This recipe comes straight out of Rachael Ray Magazine’s July/August 2012 issue. I made it for my hubby and mom (and Violet) earlier this week and there were rave reviews all around the table.
Creamy Chicken & Corn Chowder
4 skinless, boneless chicken breasts (about 1 lb.)
extra virgin olive oil, for drizzling
salt and pepper
3 T. butter
1 onion, finely chopped
1 lb. yukon gold potatoes, cut into ½-inch cubes
1 container (32 oz.) chicken broth
4 large ears corn, husked
1 cup milk
½ lb. crusty bread, cut into 1-inch cubes
1 pinch cayenne
1. Preheat a grill or grill pan to medium. Drizzle the chicken with EVOO; season with salt and pepper. Place on the grill or grill pan and cook, flipping once, until just firm, about 8 minutes. Transfer the chicken to a plate; shred or cut into cubes.
2. In a soup pot, melt 2 T. butter over medium heat. Add the onion and cook, stirring, until softened, 5 minutes. Add the potatoes, broth and ½ tsp. salt. Bring to a boil; cover, lower the heat and simmer until tender, 10 minutes. Remove from the heat; using an immersion blender, puree about half of the potatoes to thicken the soup.
3. Meanwhile, cut the kernels from the cobs into a bowl, then scrape down the cobs to extract any corn “milk” into the bowl. Stir the corn and its milk into the pot. Add the chicken and milk, return to medium heat and cook, stirring, until heated through, 10 minutes.
4. In a nonstick skillet, melt the remaining 1 T. butter over medium-low heat. Add the bread and toss. Season with salt and the cayenne. Toast until golden, about 10 minutes. Serve on top of the chowder.

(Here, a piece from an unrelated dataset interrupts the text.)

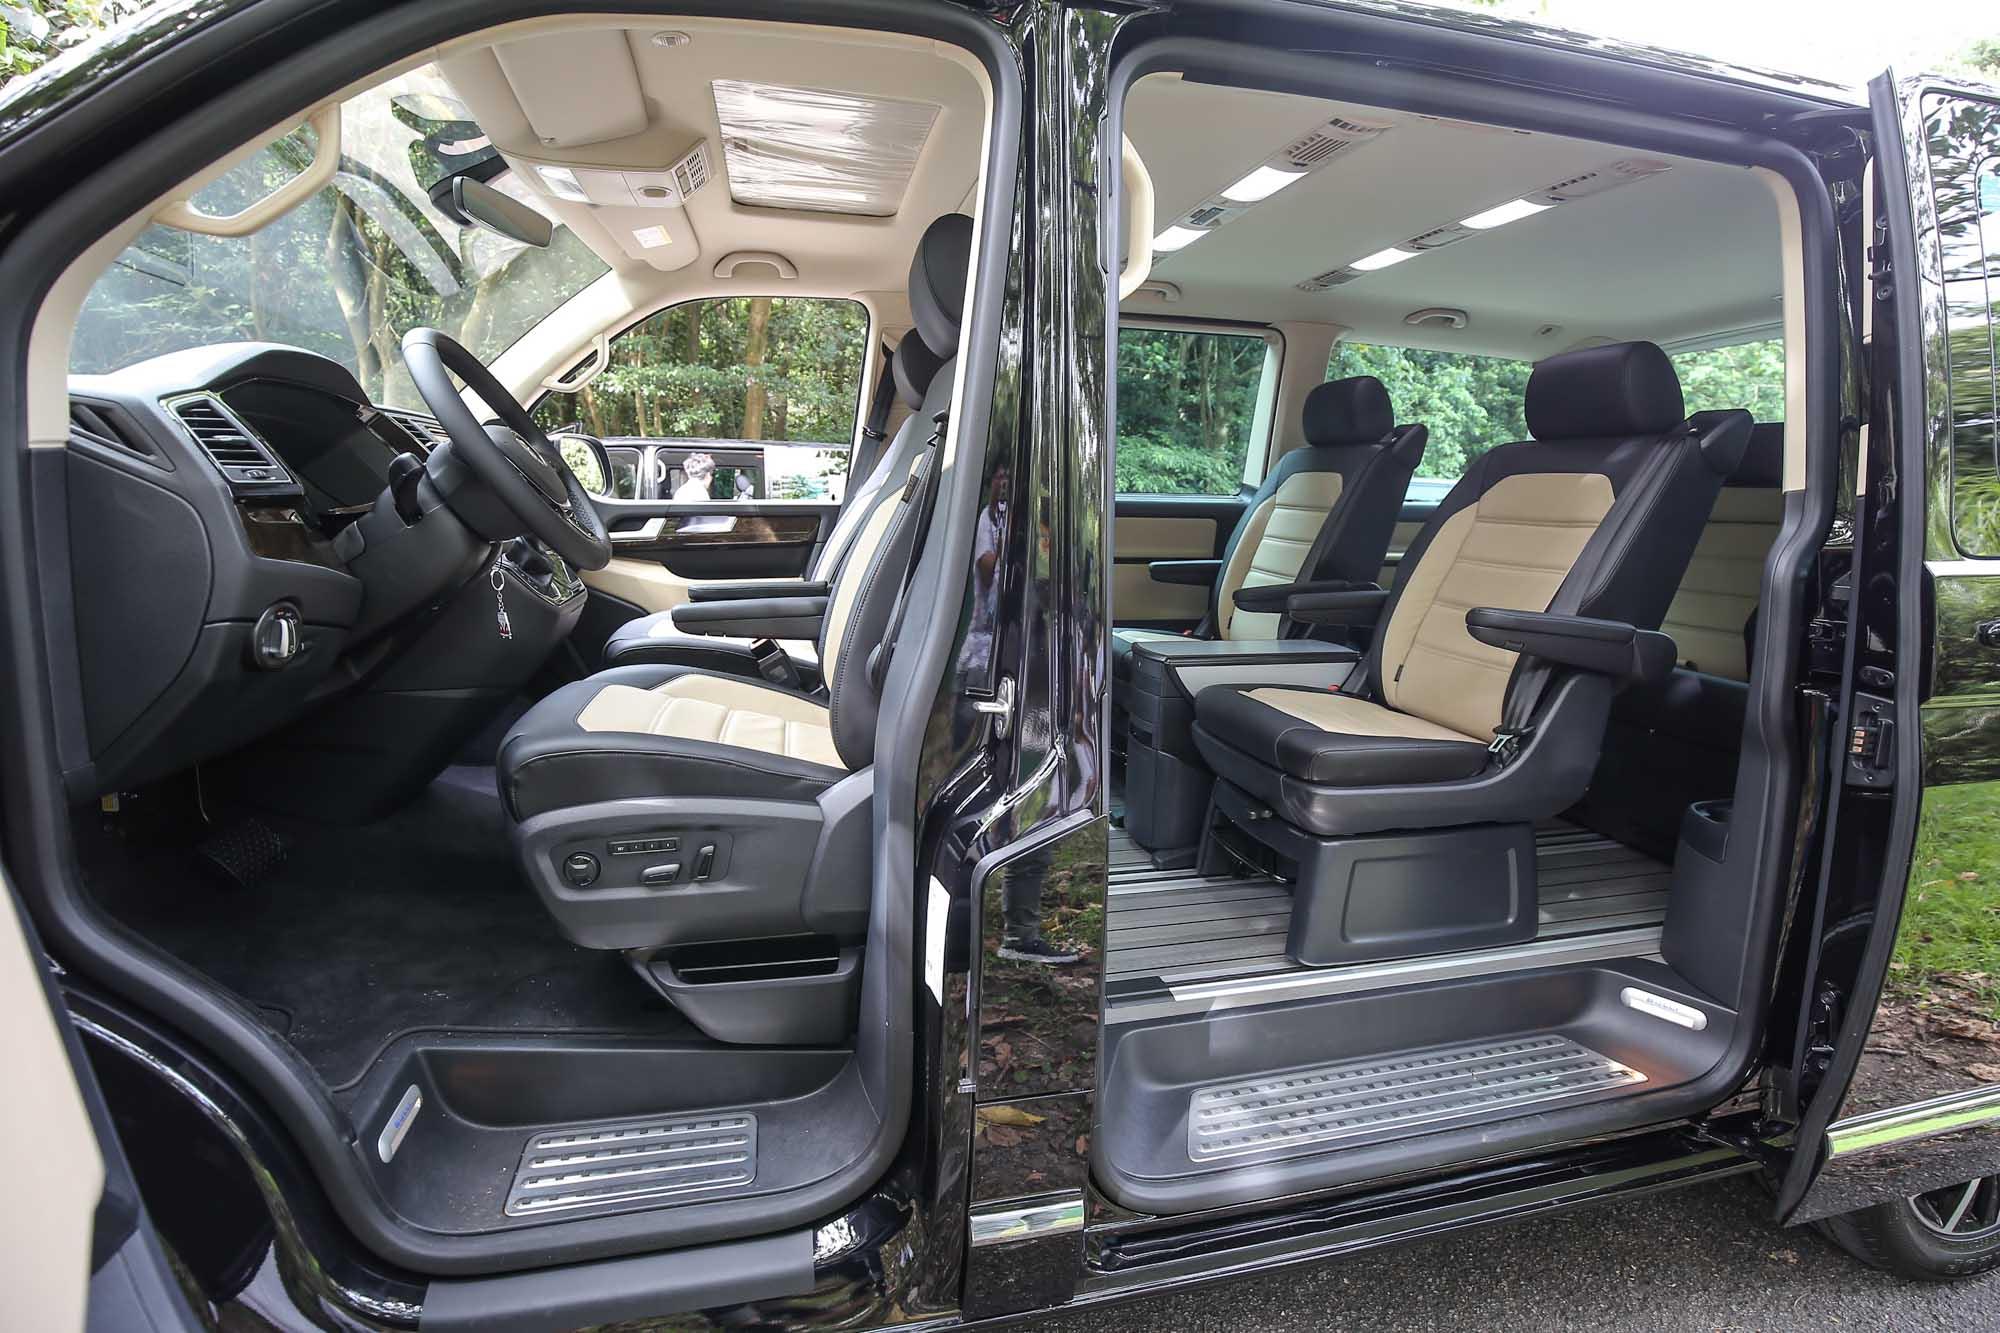 Multivan Highline 以上車型就是配備雙色 Nappa 真皮座椅。

When I invited my mother over for dinner and told her what was on the menu her reply was, “So, soup.” Considering the temperature outside was 100 degrees, I don’t blame her for her hesitancy. However, I think any day is a good day for soup (especially if you have air-conditioning!). I will say this much: Mom sure was glad she accepted the dinner invitation!